INFORMATION SHOWN:
____________

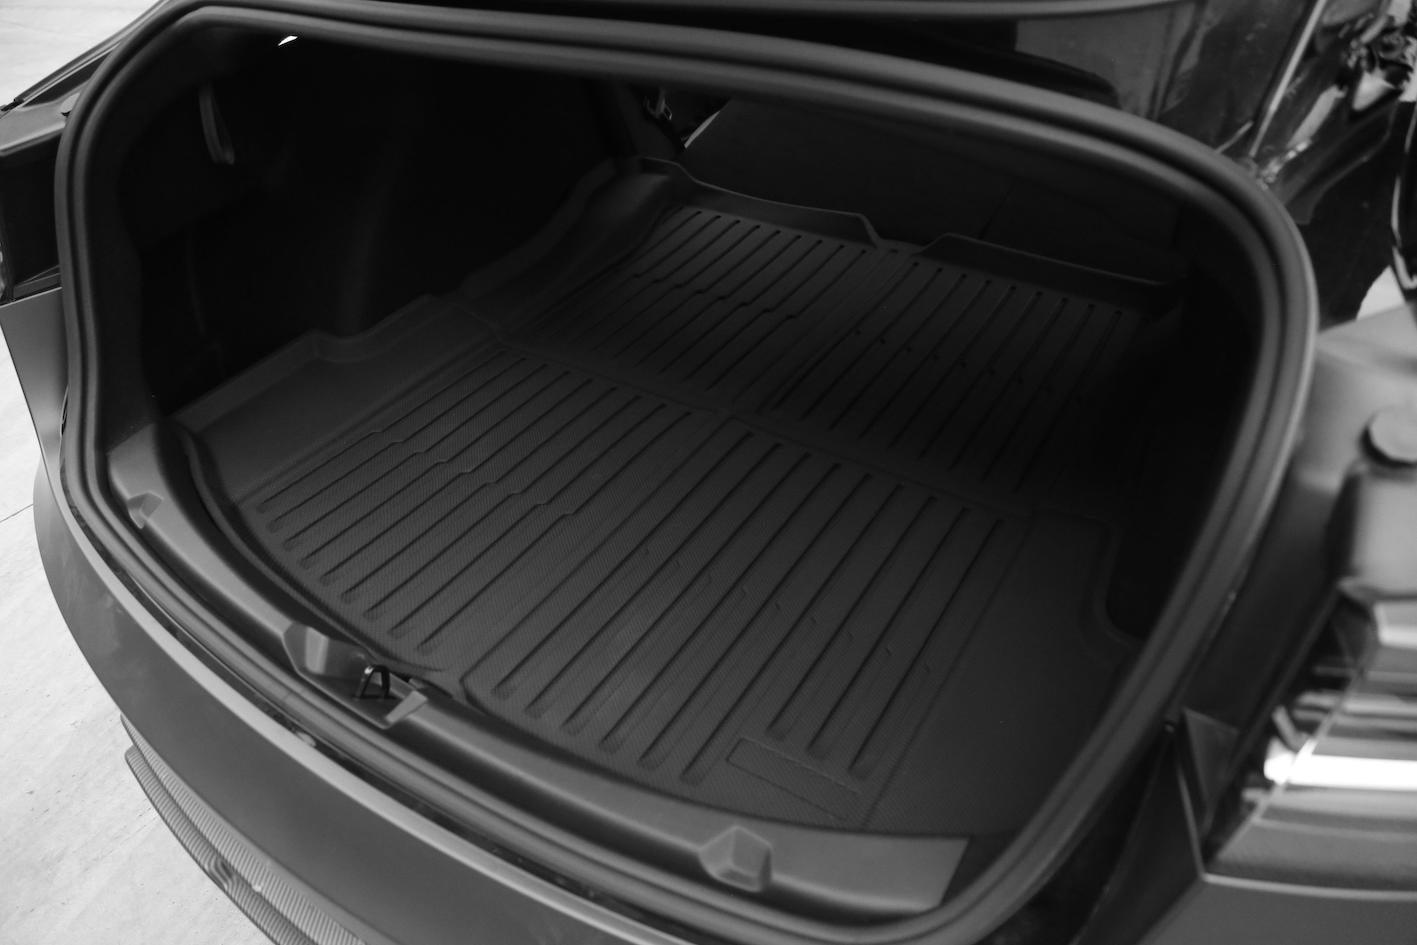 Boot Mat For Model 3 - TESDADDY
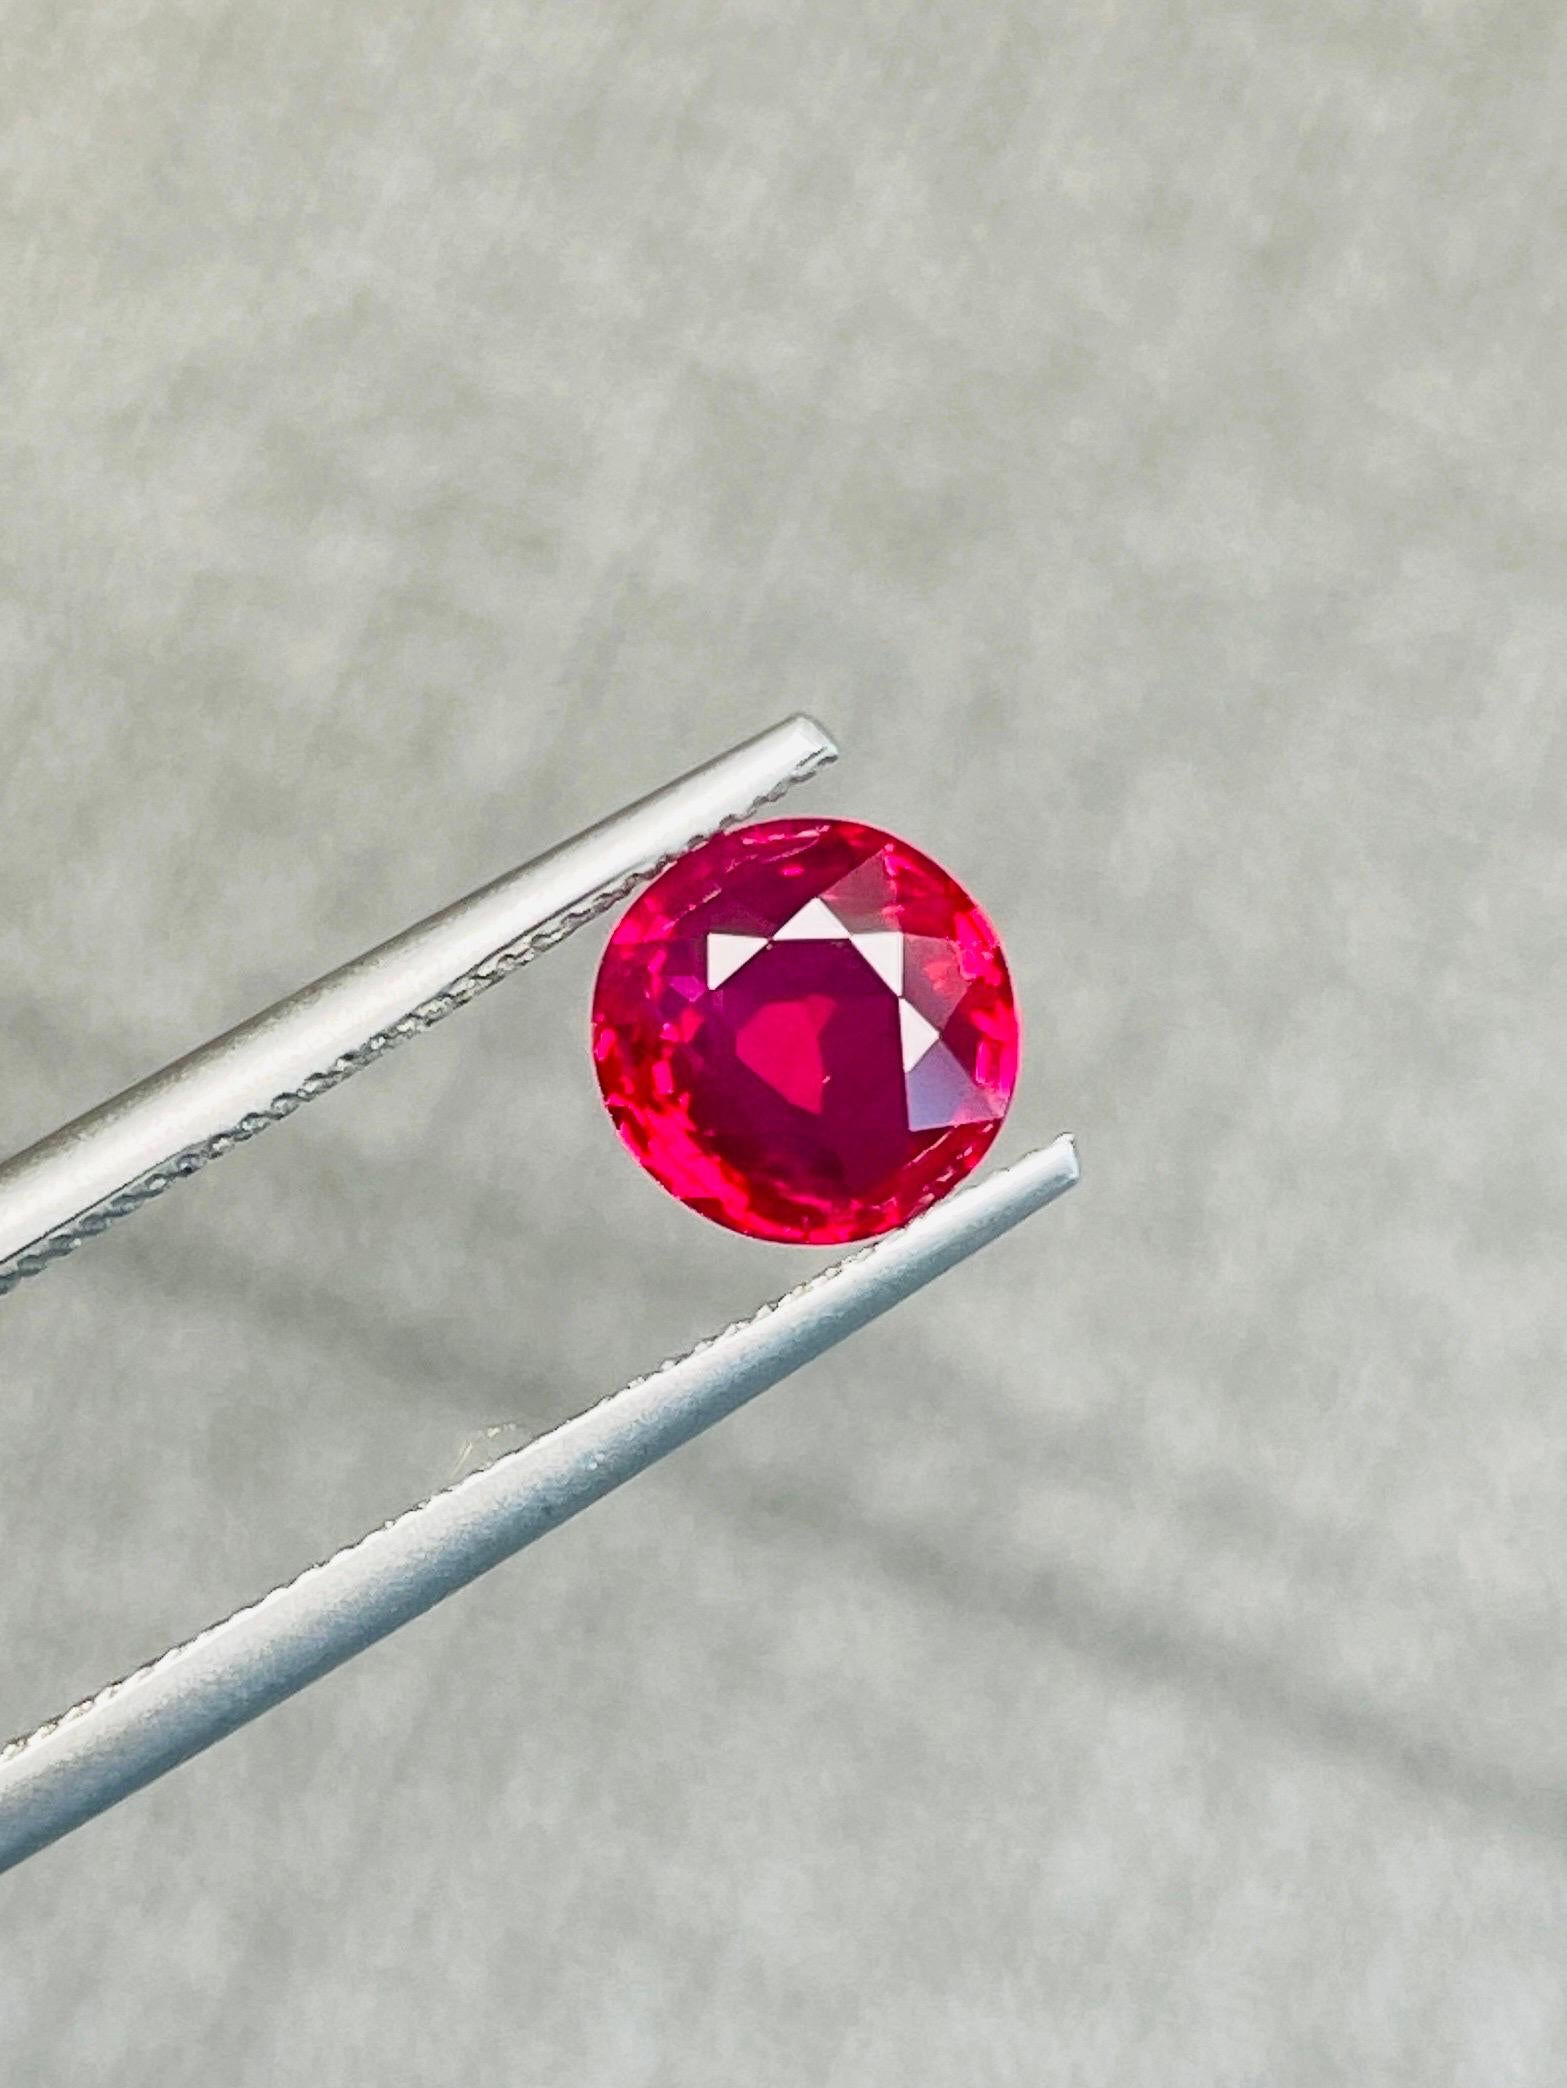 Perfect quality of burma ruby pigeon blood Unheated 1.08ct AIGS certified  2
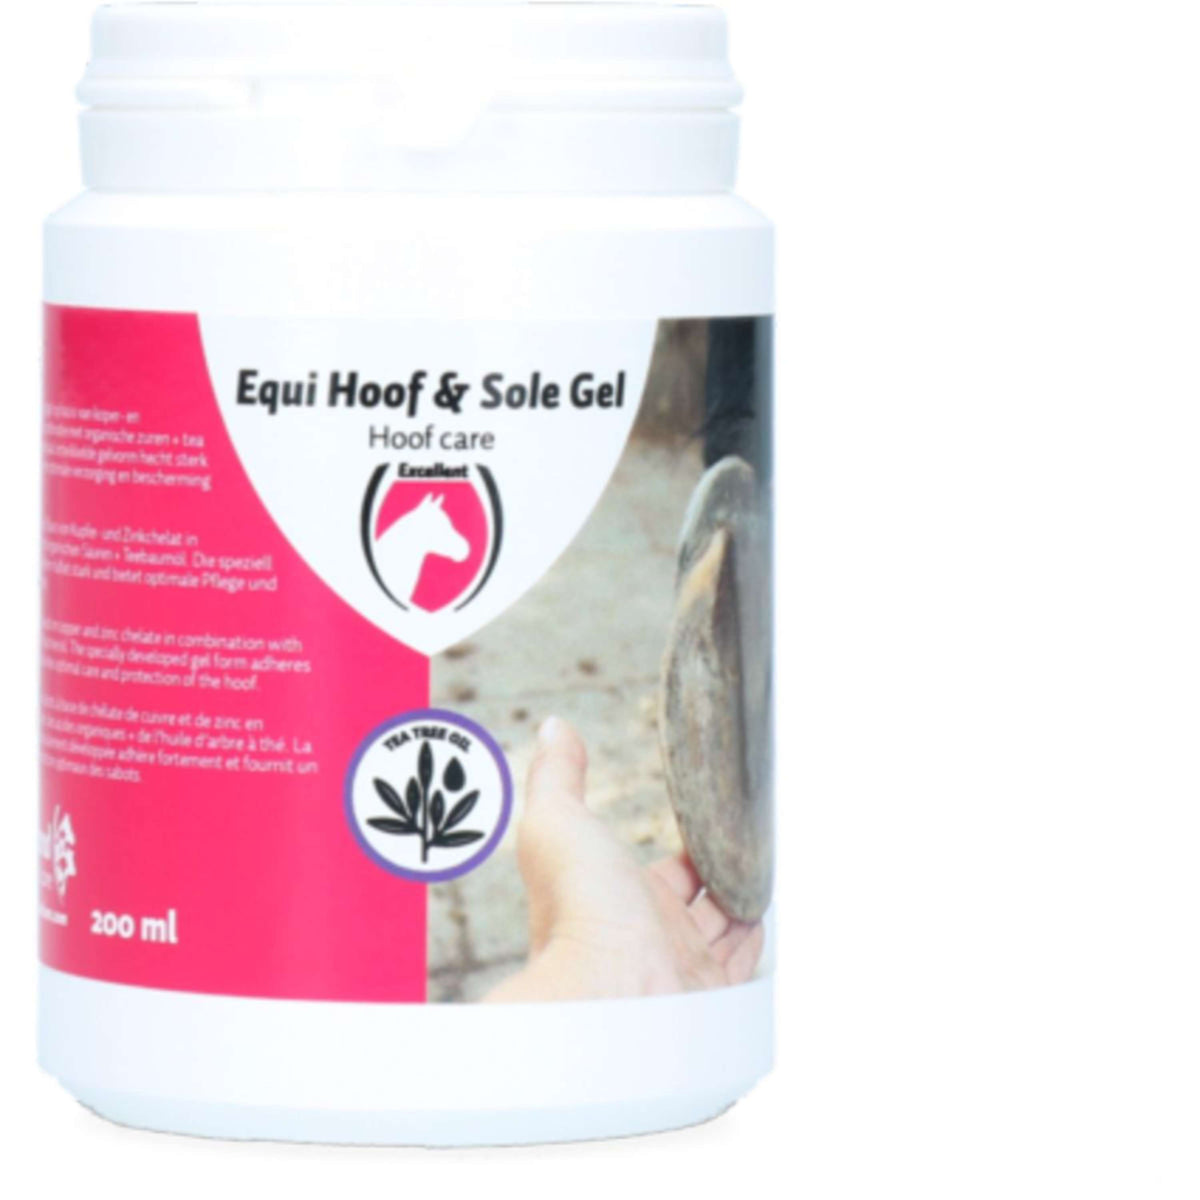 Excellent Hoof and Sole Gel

____________

WORK TO COMPLETE:
An exact, word-for-word version of the material is required, free of pictures.

RESULT:
 Boot Mat For Model 3 - TESDADDY
 Perfect quality of burma ruby pigeon blood Unheated 1.08ct AIGS certified  2
 Excellent Hoof and Sole Gel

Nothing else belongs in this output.